You are viewing a plain text version of this content. The canonical link for it is here.
Posted to reviews@spark.apache.org by sahilTakiar <gi...@git.apache.org> on 2017/10/02 21:03:57 UTC

[GitHub] spark pull request #19413: [SPARK-20466][CORE] HadoopRDD#addLocalConfigurati...

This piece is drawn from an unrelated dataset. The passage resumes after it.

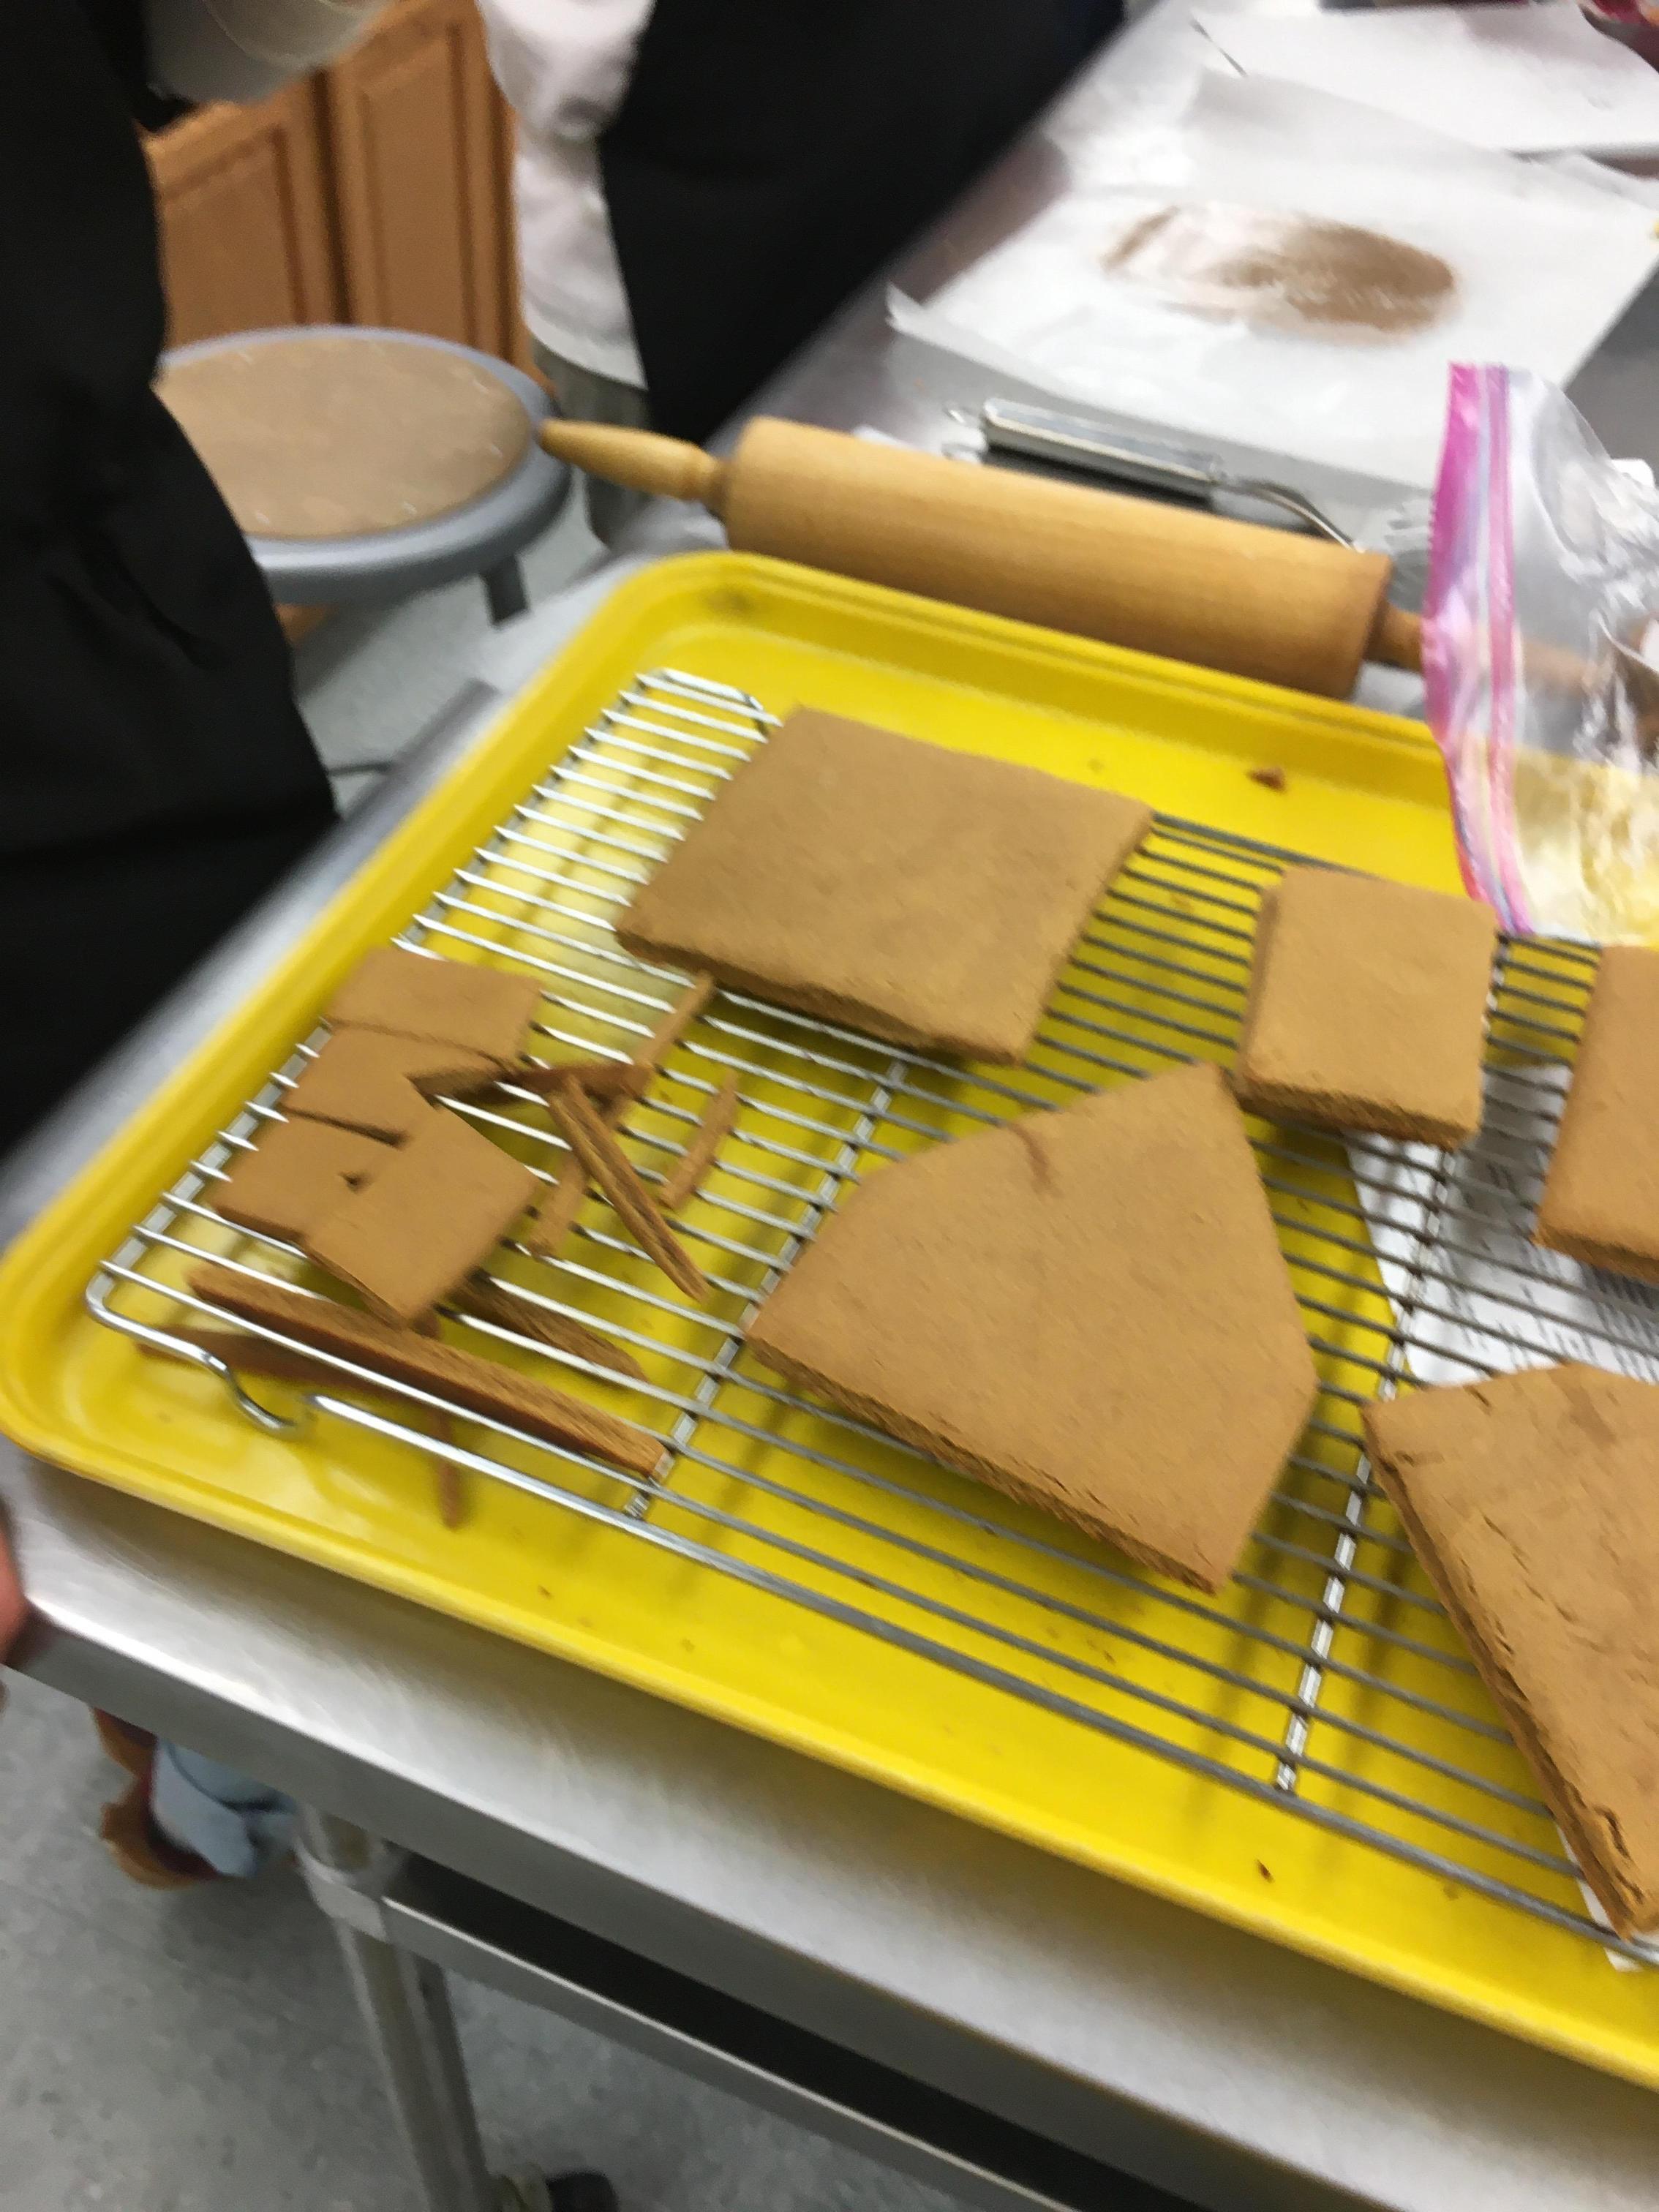 Gingerbread House Bake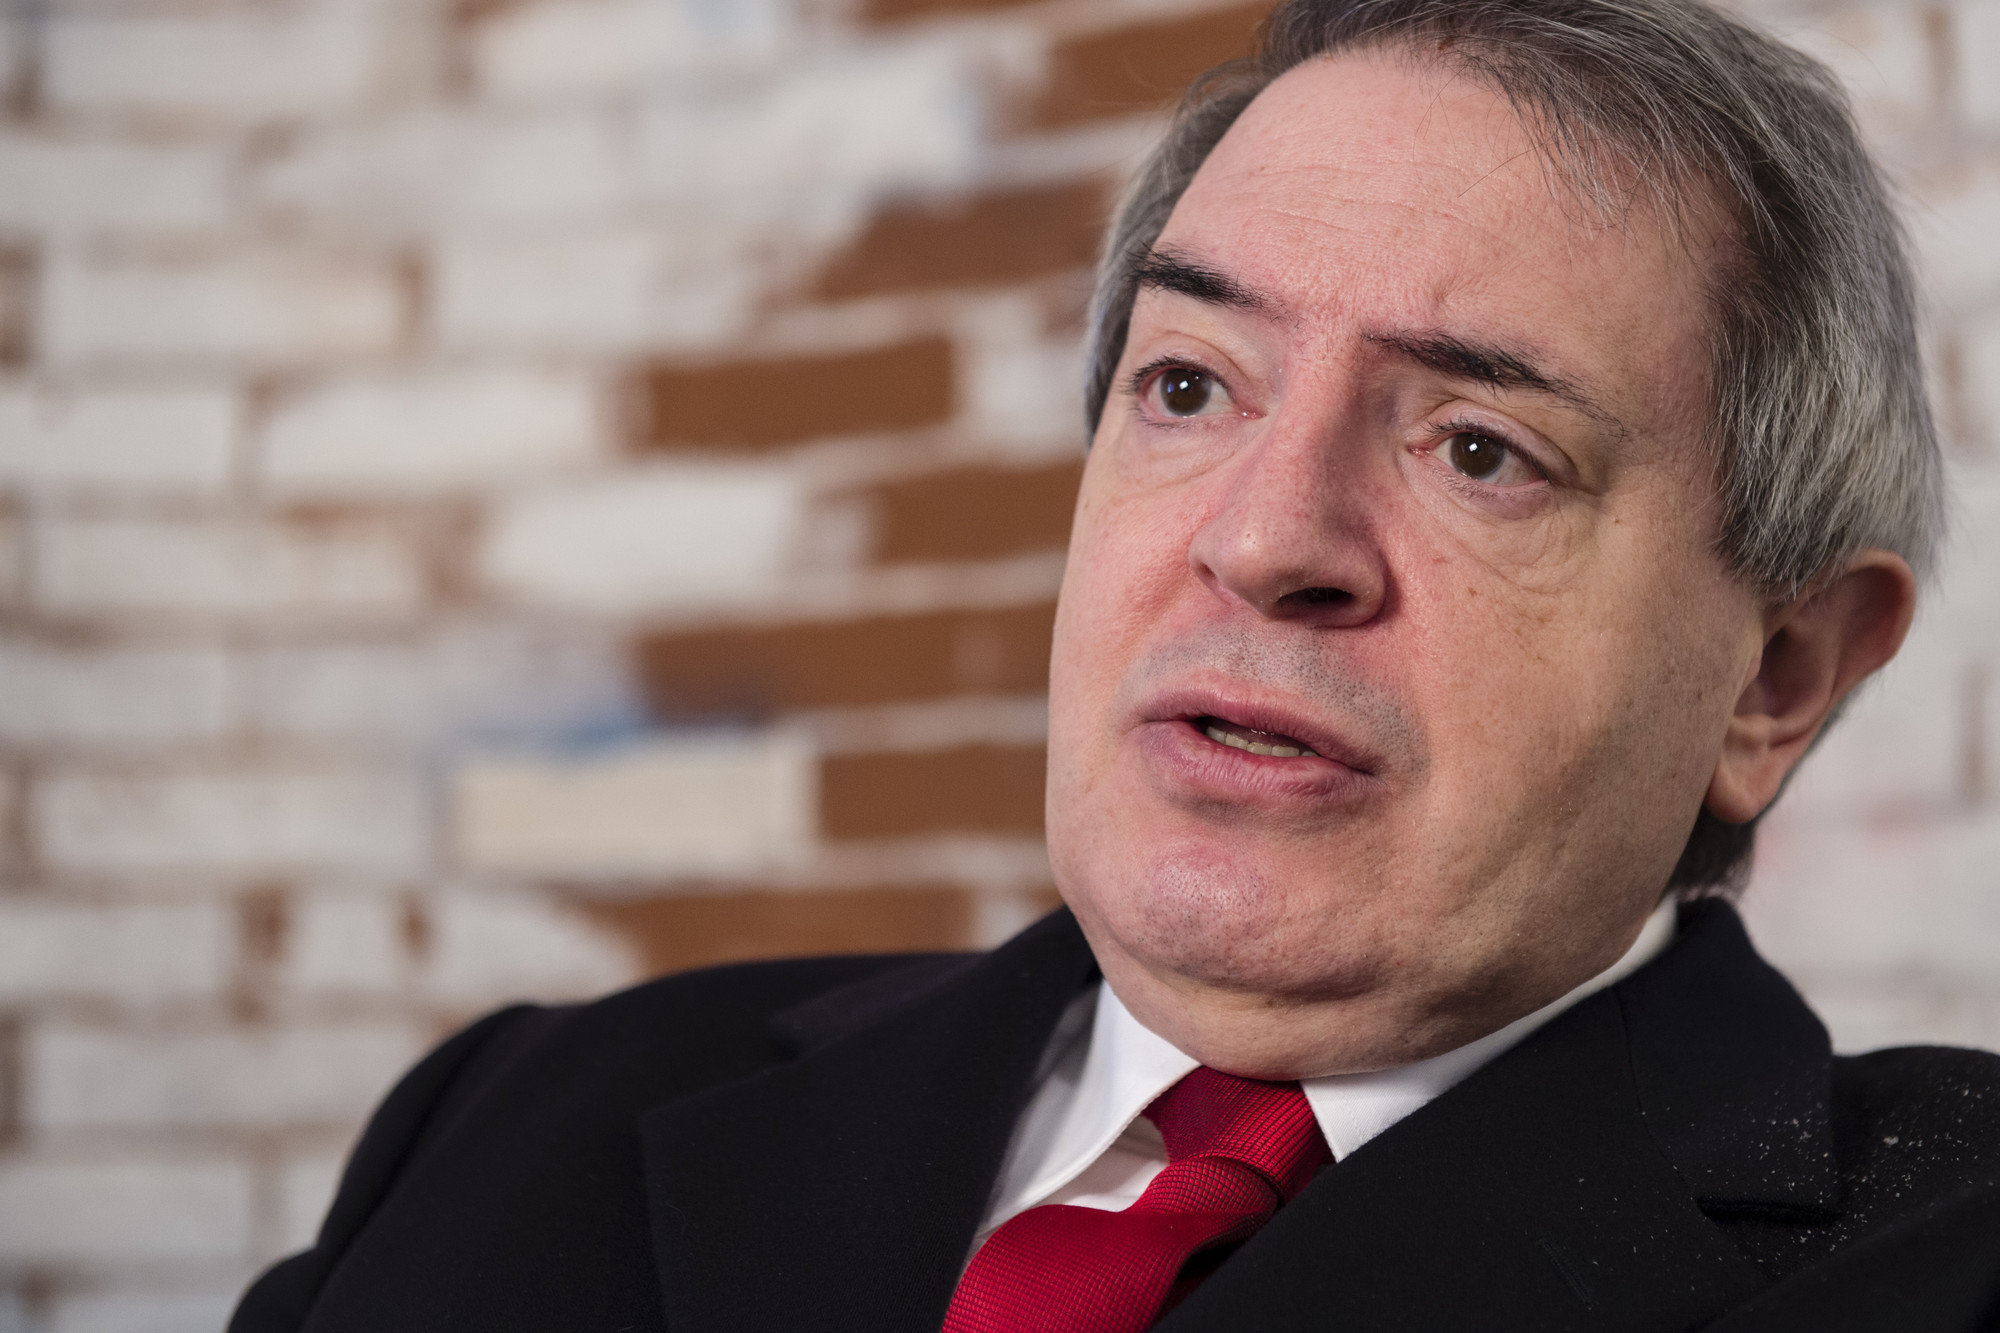 Prof. Pier Luigi Guiducci

GitHub user sahilTakiar opened a pull request:

    https://github.com/apache/spark/pull/19413

    [SPARK-20466][CORE] HadoopRDD#addLocalConfiguration throws NPE

    ## What changes were proposed in this pull request?
    
    Fix for SPARK-20466, full description of the issue in the JIRA. To summarize, `HadoopRDD` uses a metadata cache to cache `JobConf` objects. The cache uses soft-references, which means the JVM can delete entries from the cache whenever there is GC pressure. `HadoopRDD#getJobConf` had a bug where it would check if the cache contained the `JobConf`, if it did it would get the `JobConf` from the cache and return it. This doesn't work when soft-references are used as the JVM can delete the entry between the existence check and the get call.
    
    ## How was this patch tested?
    
    Haven't thought of a good way to test this yet given the issue only occurs sometimes, and happens during high GC pressure. Was thinking of using mocks to verify `#getJobConf` is doing the right thing. I deleted the method `HadoopRDD#containsCachedMetadata` so that we don't hit this issue again.

You can merge this pull request into a Git repository by running:

    $ git pull https://github.com/sahilTakiar/spark master

Alternatively you can review and apply these changes as the patch at:

    https://github.com/apache/spark/pull/19413.patch

To close this pull request, make a commit to your master/trunk branch
with (at least) the following in the commit message:

    This closes #19413
    
----
commit 680f32c311e33784e11763c109488d528178efc8
Author: Sahil Takiar <st...@cloudera.com>
Date:   2017-10-02T20:44:23Z

    [SPARK-20466][CORE] HadoopRDD#addLocalConfiguration throws NPE

----


---

---------------------------------------------------------------------
To unsubscribe, e-mail: reviews-unsubscribe@spark.apache.org
For additional commands, e-mail: reviews-help@spark.apache.org


[GitHub] spark issue #19413: [SPARK-20466][CORE] HadoopRDD#addLocalConfiguration thro...

Posted by AmplabJenkins <gi...@git.apache.org>.
Github user AmplabJenkins commented on the issue:

    https://github.com/apache/spark/pull/19413
  
    Test PASSed.
    Refer to this link for build results (access rights to CI server needed): 
    https://amplab.cs.berkeley.edu/jenkins//job/SparkPullRequestBuilder/82399/
    Test PASSed.


---

---------------------------------------------------------------------
To unsubscribe, e-mail: reviews-unsubscribe@spark.apache.org
For additional commands, e-mail: reviews-help@spark.apache.org


[GitHub] spark issue #19413: [SPARK-20466][CORE] HadoopRDD#addLocalConfiguration thro...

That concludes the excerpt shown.